- ABOUT THIS TASK
Only one stretch of the data should be retyped: the lines from the line containing "New Womens Plus" through the line containing "Serva-Padrona-Opera-directed-by-Jacopo-Spirei-6". Keep pictures out of it.

- EXERCISE DATA
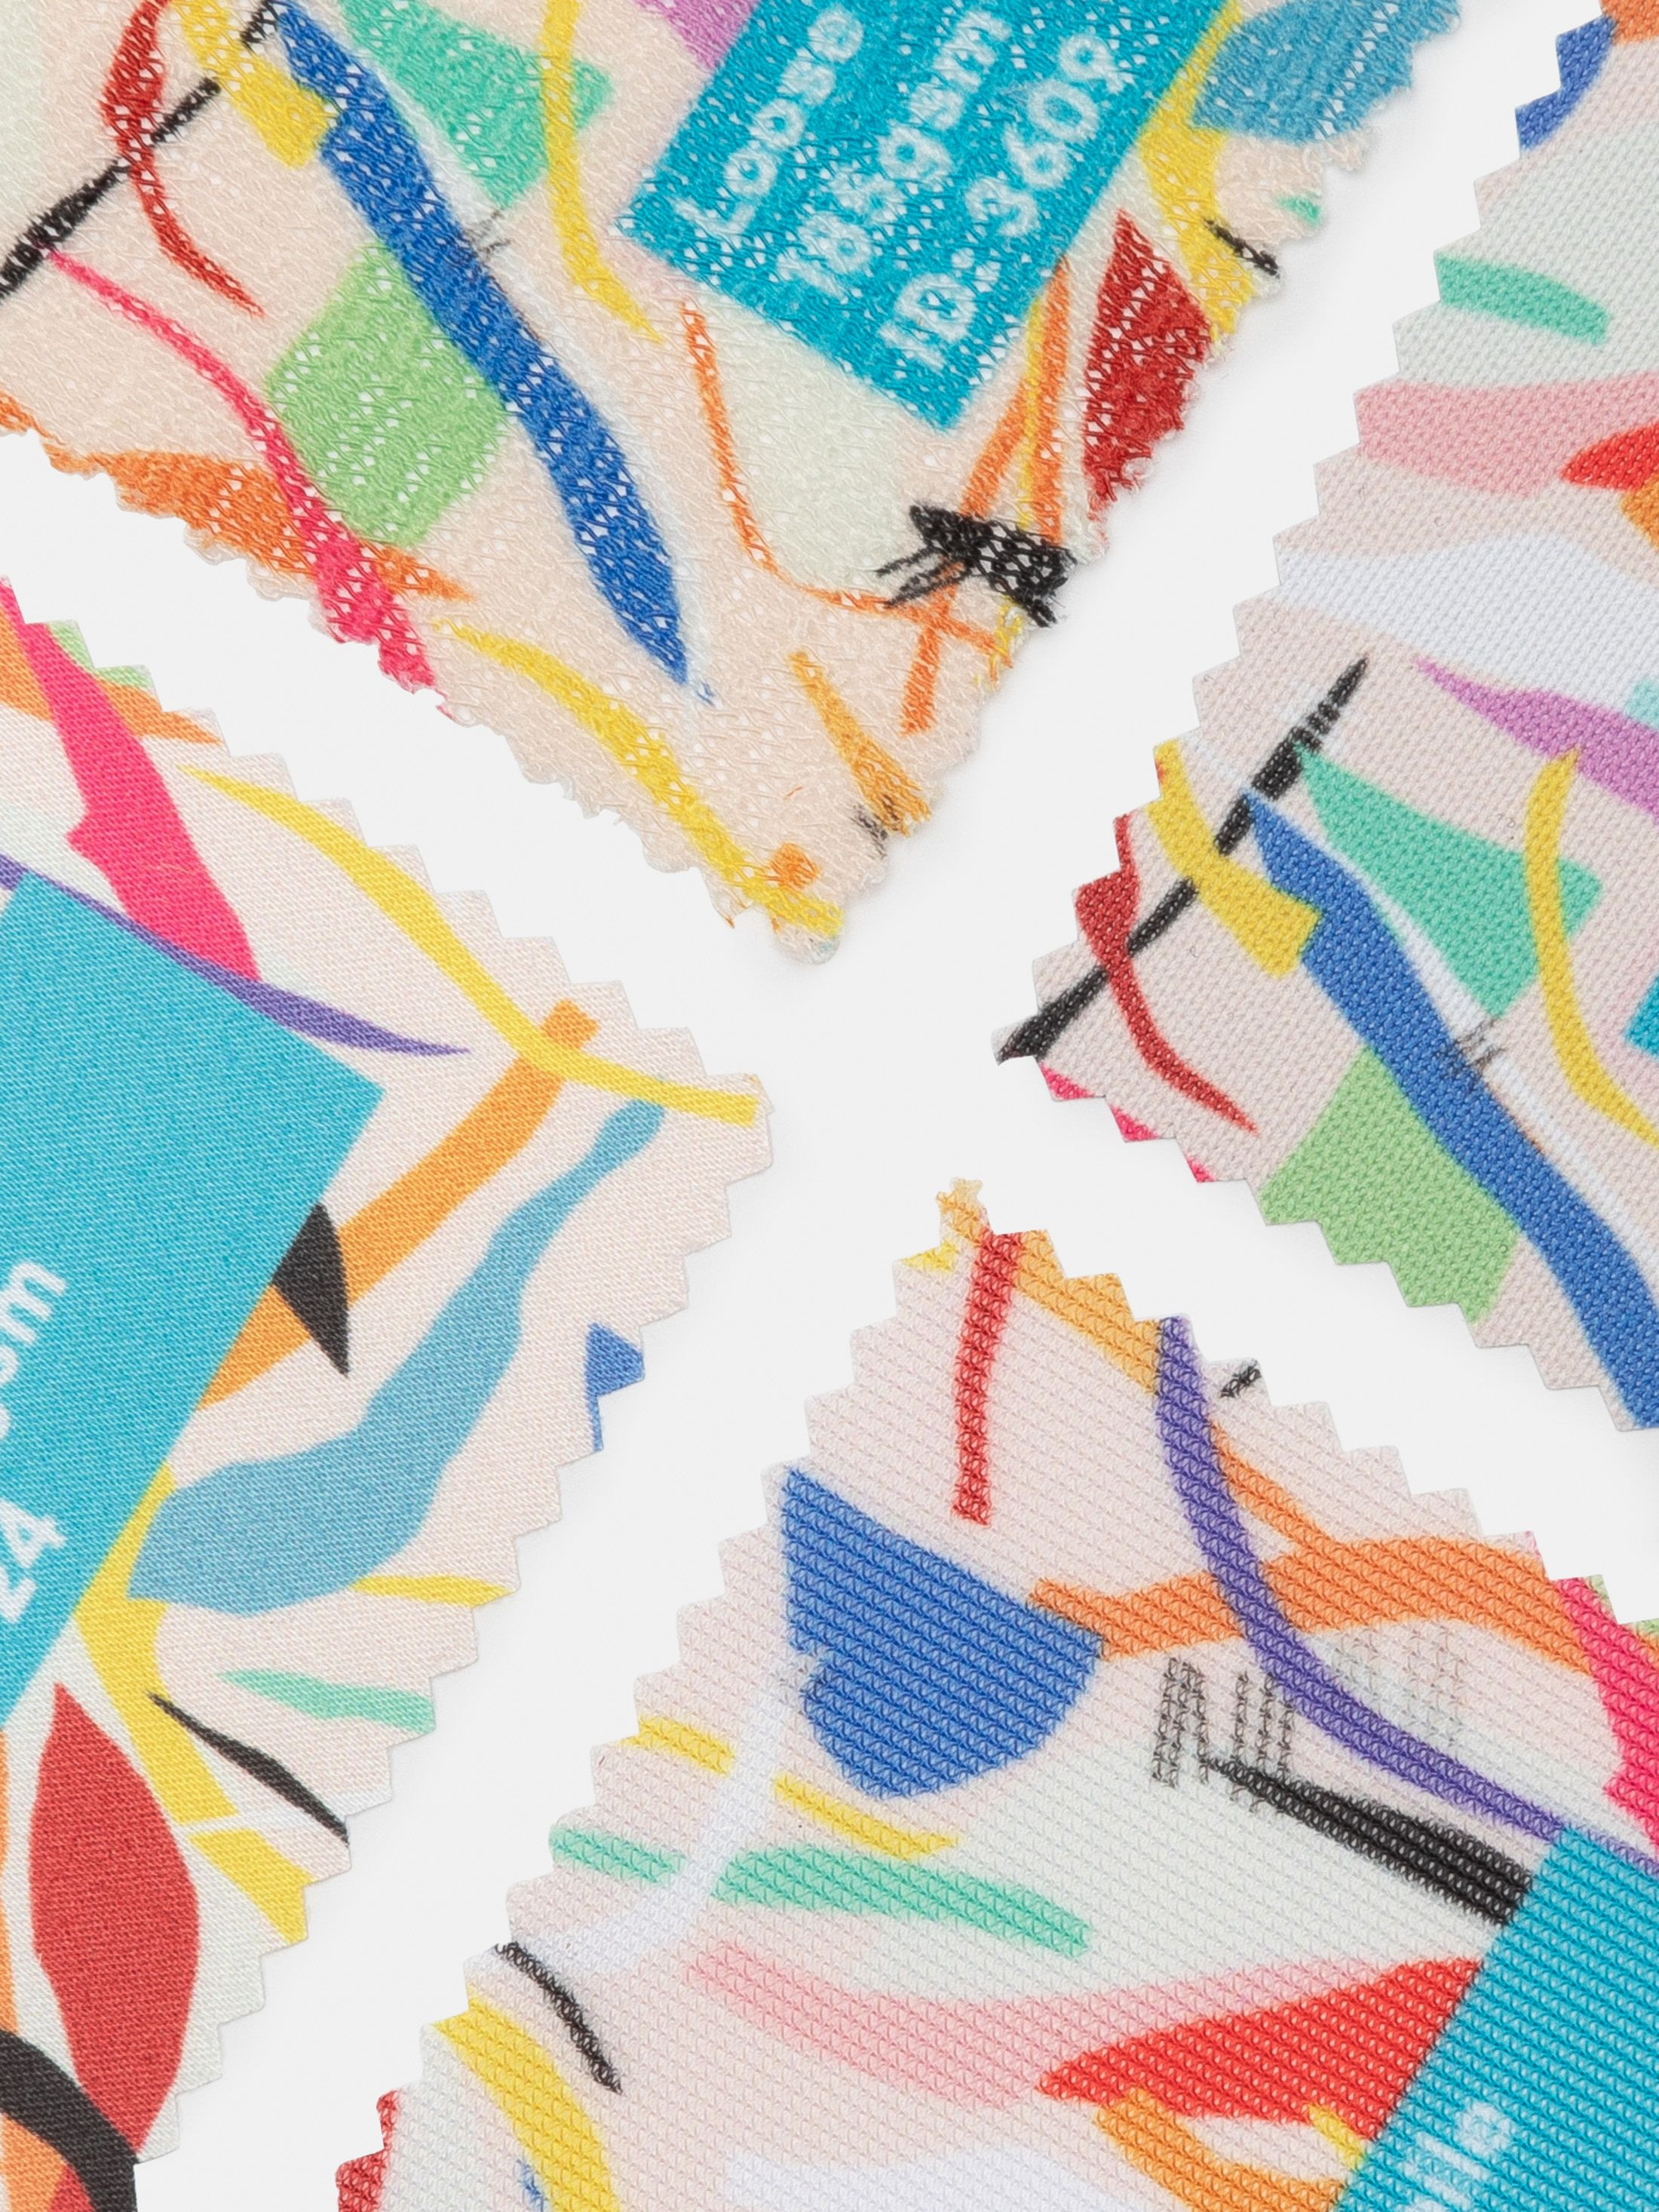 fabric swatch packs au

==

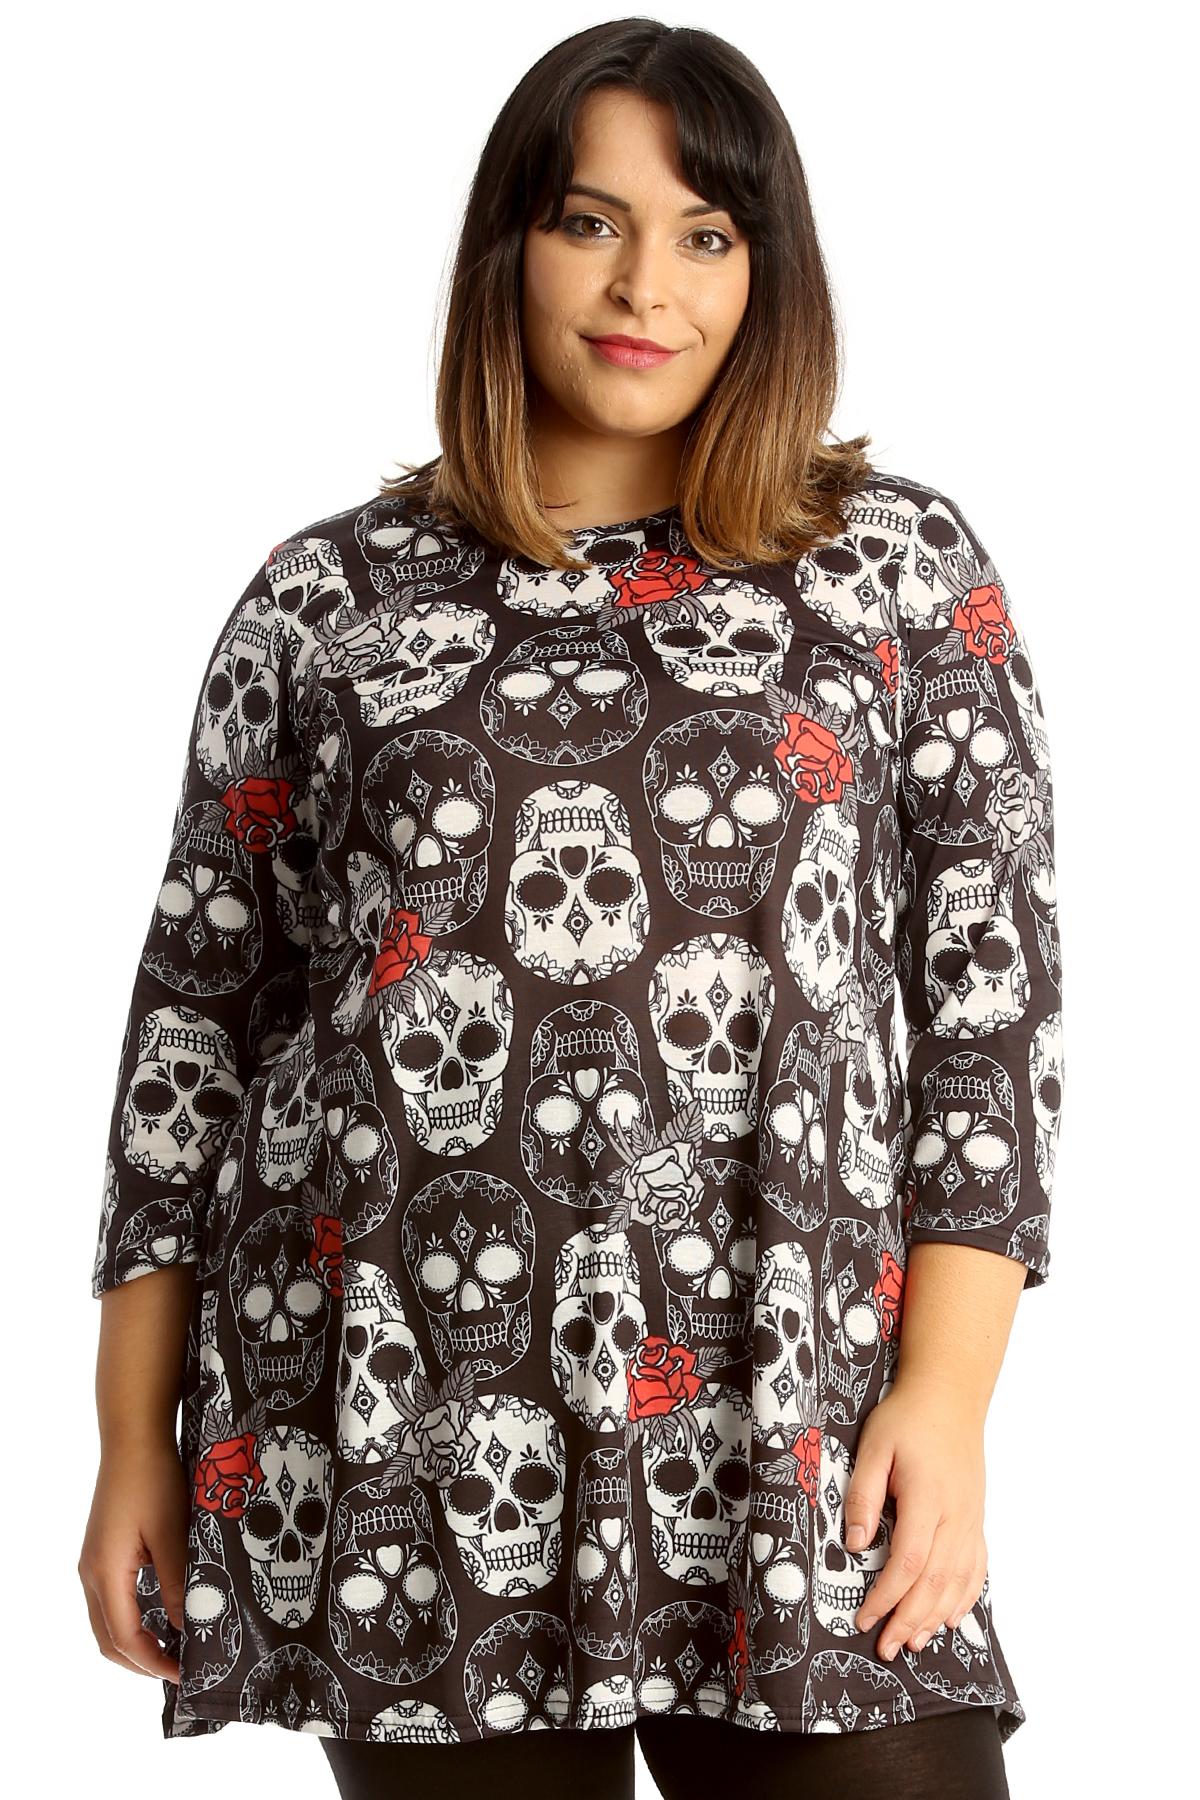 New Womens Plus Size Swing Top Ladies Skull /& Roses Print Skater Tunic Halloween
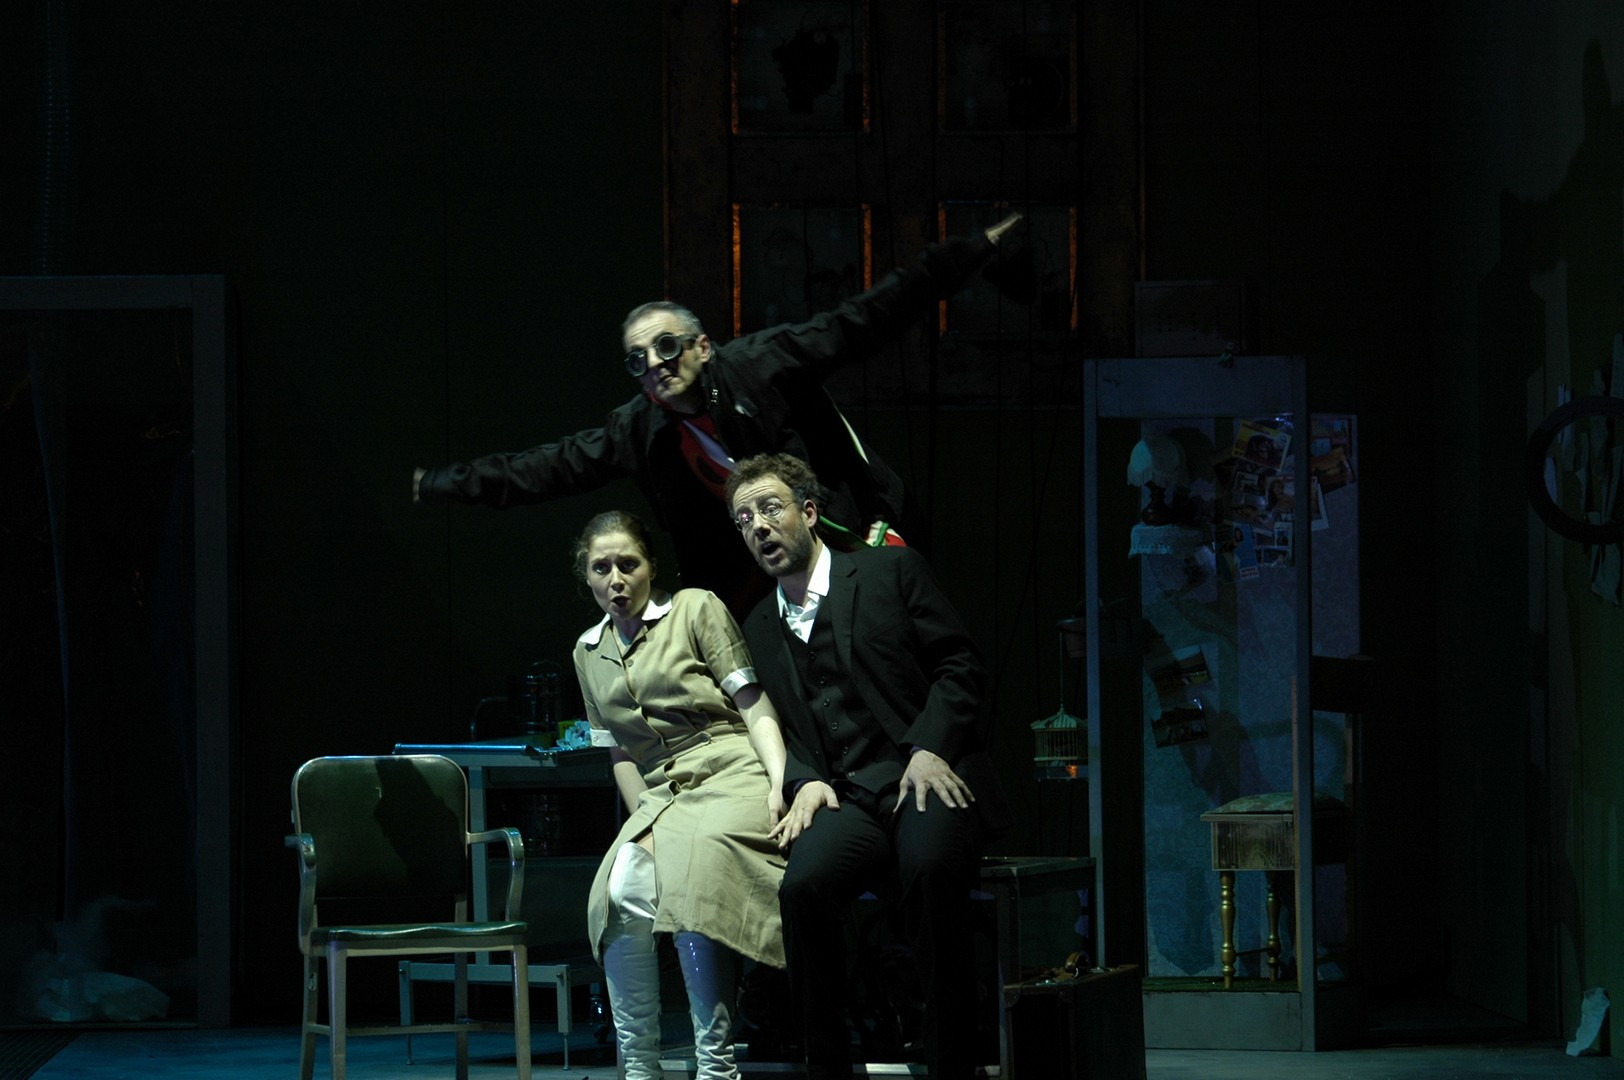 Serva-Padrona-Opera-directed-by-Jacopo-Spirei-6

- TASK RESULT
 New Womens Plus Size Swing Top Ladies Skull /& Roses Print Skater Tunic Halloween
 Serva-Padrona-Opera-directed-by-Jacopo-Spirei-6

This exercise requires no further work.